We are evaluating cropping systems that reduce synthetic nitrogen inputs and pollution outputs from row crop fields. We monitor nitrogen availability to crops and measure soil greenhouse emissions and subsurface nitrogen leaching to evaluate pollution losses.
Current research compares cover crop monocultures to diverse mixtures like the soybean, rye grass, red clover mix shown here.
We are working on a variety of projects that evaluate nitrogen pollution losses from agroecosystems. In all of these experiments, the goal is to design systems that have low pollution outputs but retain high yield and economic viability. When possible, we take advantage of long-term cropping systems trials that account for cumulative treatment effects over many crop rotations. We also seek to use nitrogen cycling knowledge and ecological theory from unmanaged ecosystems to guide agroecosystem design (Finney et al. 2015; Finney and Kaye 2017; Isbell et al. 2021).
A centerpiece of our research in agroecosystems is a long-term organic cropping systems trial we established in 2011 and is ongoing today. This experiment tests how the selection of cover crop species for monocultures and diverse mixtures can enhance an array of ecosystem services in a corn-soybean-wheat cash crop rotation that produces organic feed and forage. We are designing cover crop mixtures that target improved nutrient supply, nutrient retention, weed suppression, and management ease. Our research station results, combined with results from farmer-collaborators, suggest that species selection and mixture design can have a large impact on ecosystem services, and that the value of mixtures (relative to monocultures) depends on farmer goals.

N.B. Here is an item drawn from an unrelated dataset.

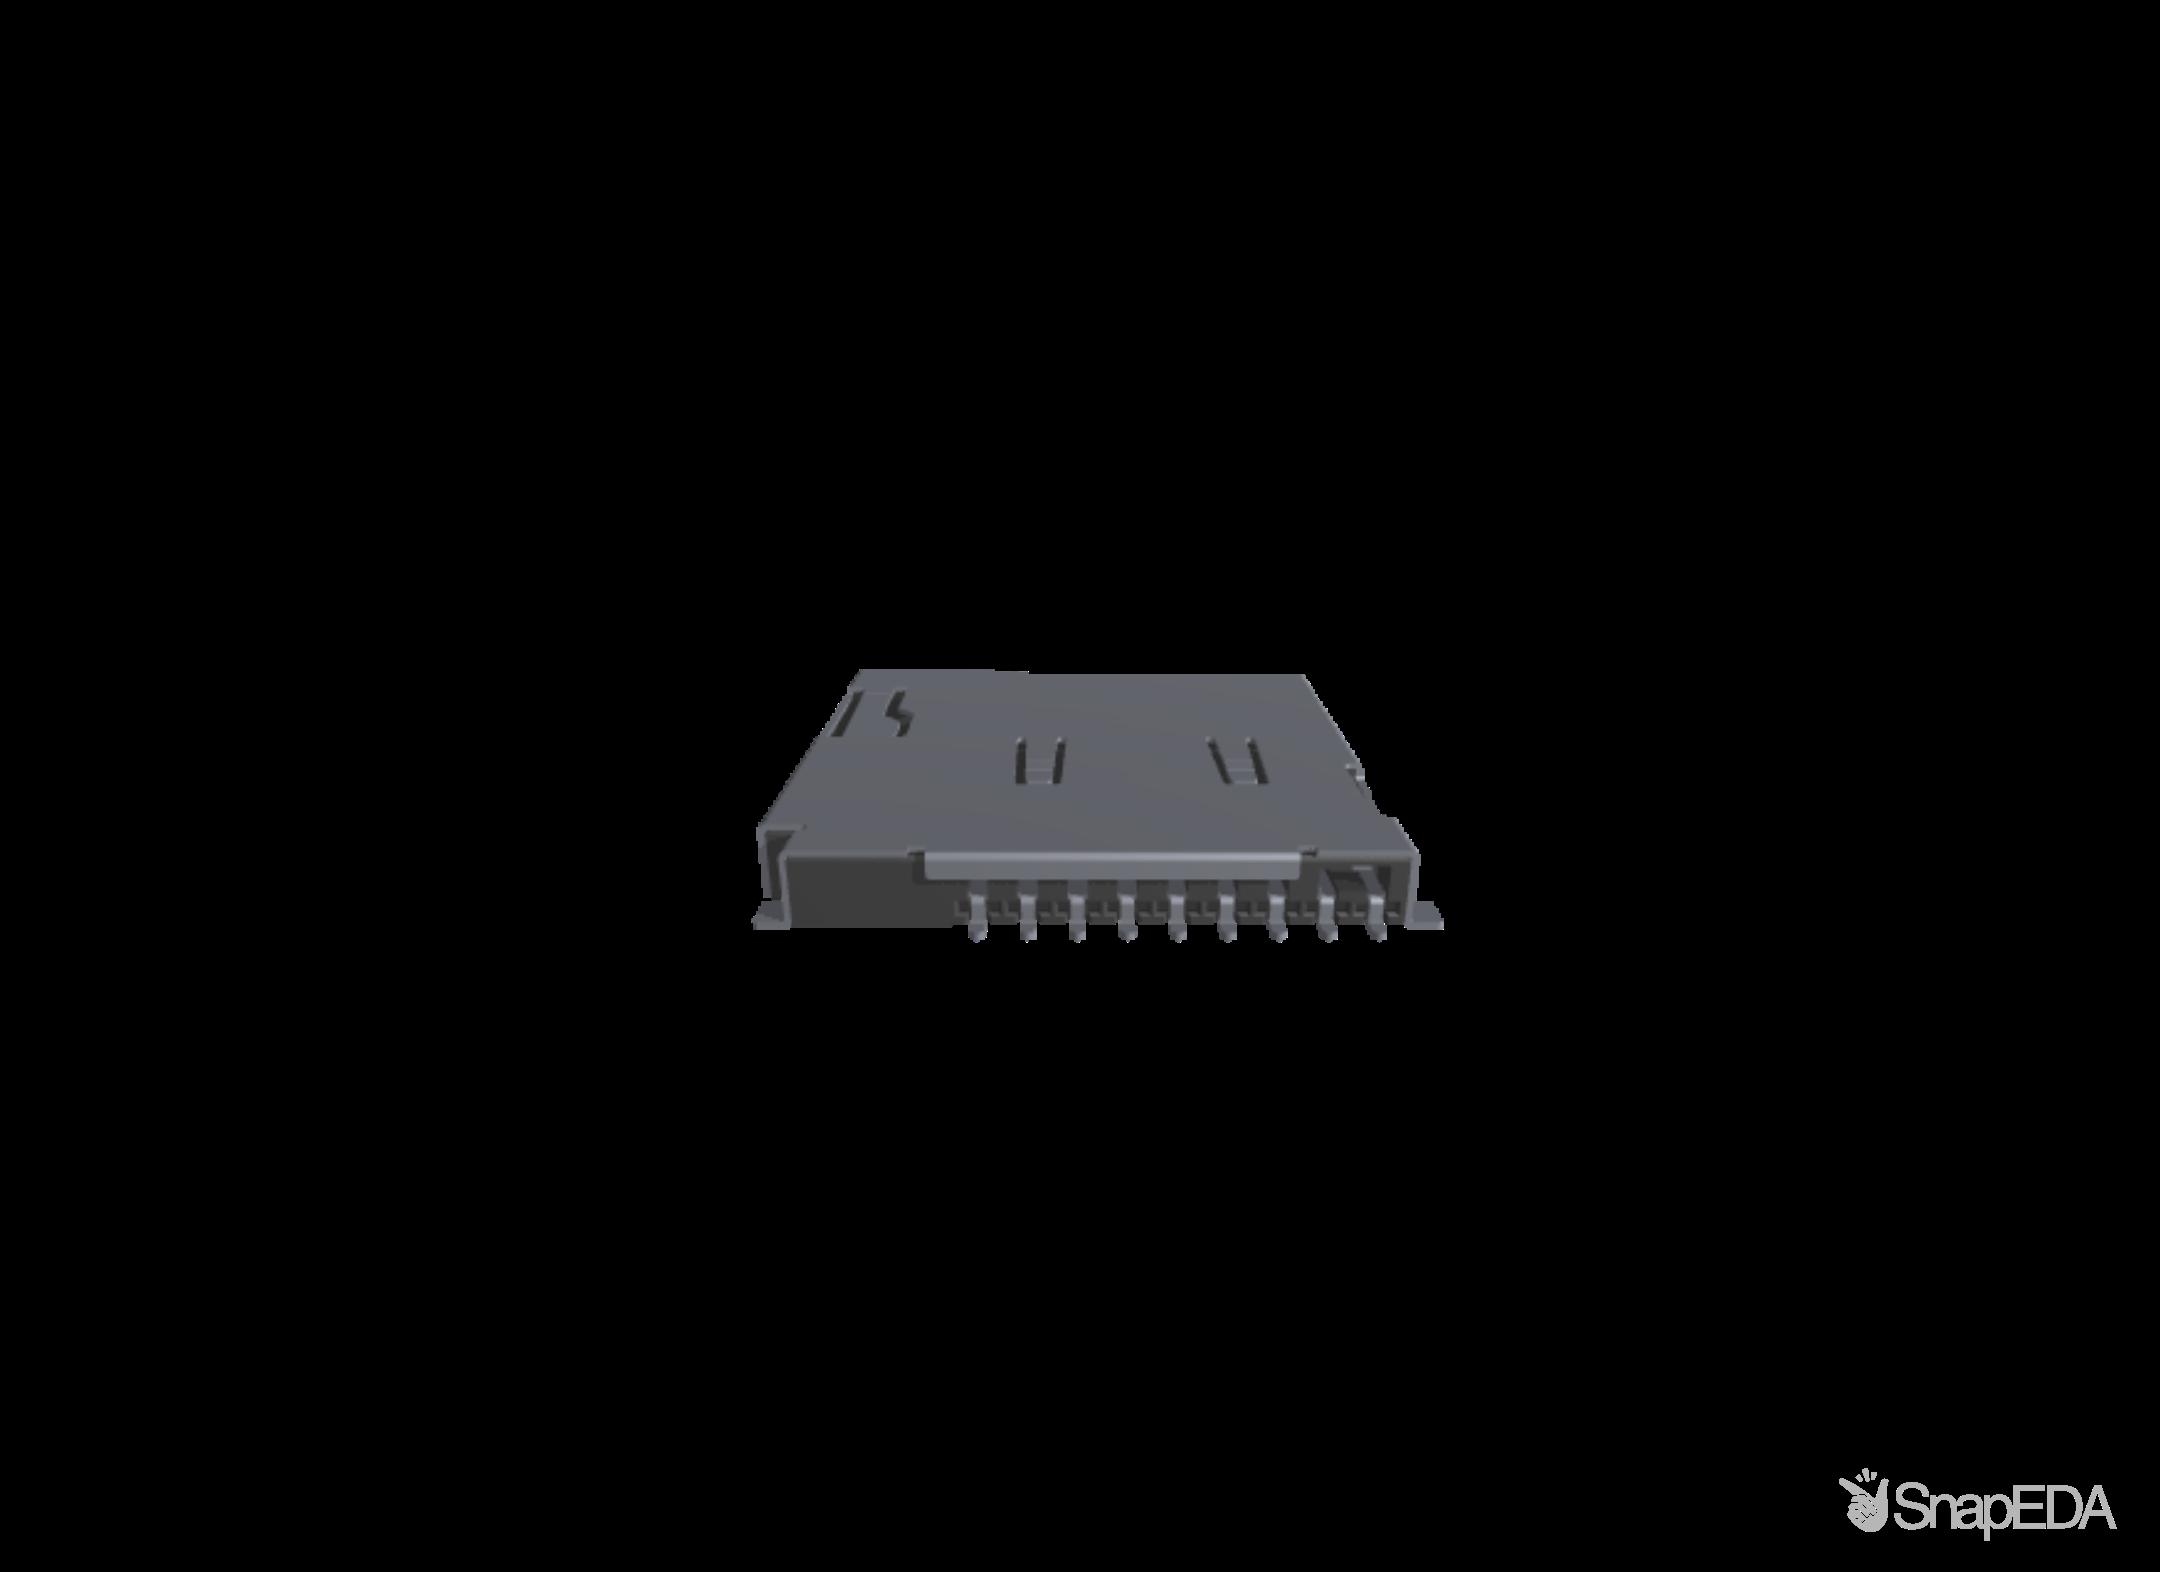 ST-TF-003A 3D Model

Often monocultures or simple (biculture, triculture) mixtures are sufficient to provide an array of services (Schipanski et al. 2014; Finney et al. 2017; Finney et al. 2016).

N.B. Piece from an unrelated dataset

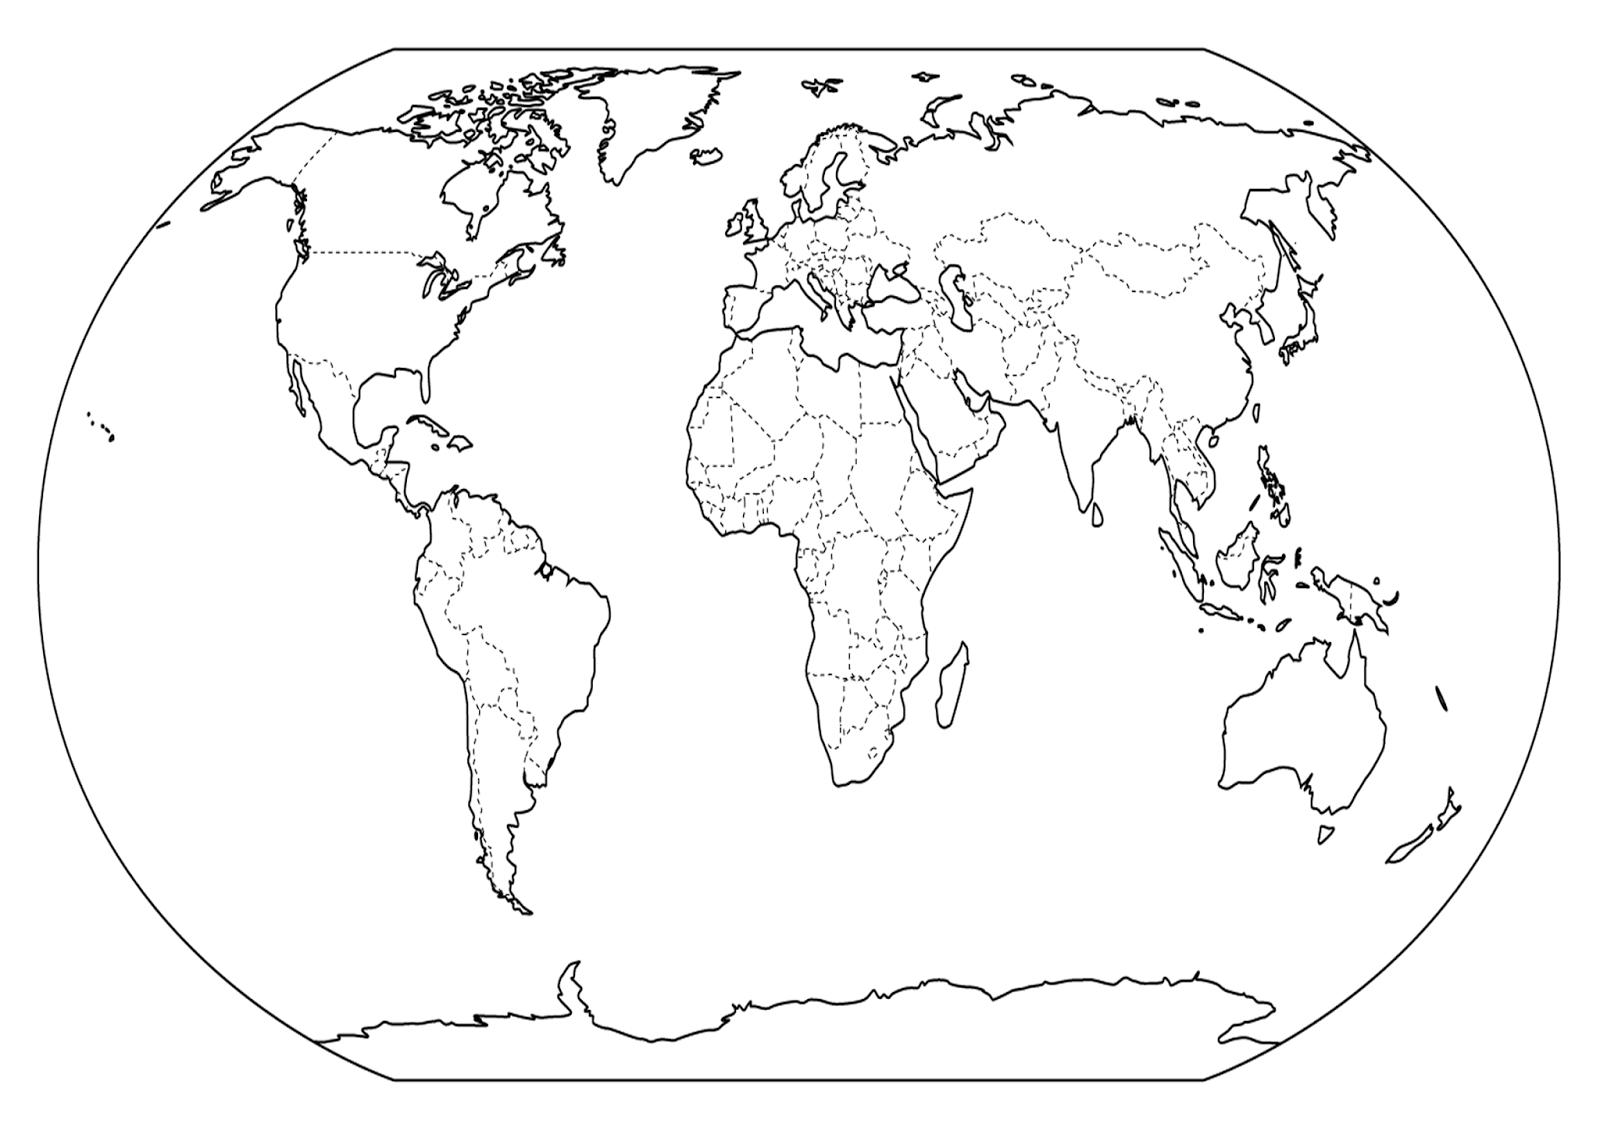 En Y Mundo Mapa De Dibujo Negro Del Blanco

The cover crop diversity experiment has given farmers basic information on how different cover crop species grow in our region in monoculture and mixtures (Murrell et al. 2017; Baraibar et al. 2020). It has also informed policies for nitrogen management in the Chesapeake Bay by documenting how cover crop species selection affects nitrogen leaching reduction (Kaye et al. 2019). Charlie White has led development of nitrogen decision support tools that enable farmers to account for cover crop and soil organic matter nitrogen mineralization, which helps farmers adjust synthetic fertilizer or manure inputs to match corn demand (White et al. 2017, 2020).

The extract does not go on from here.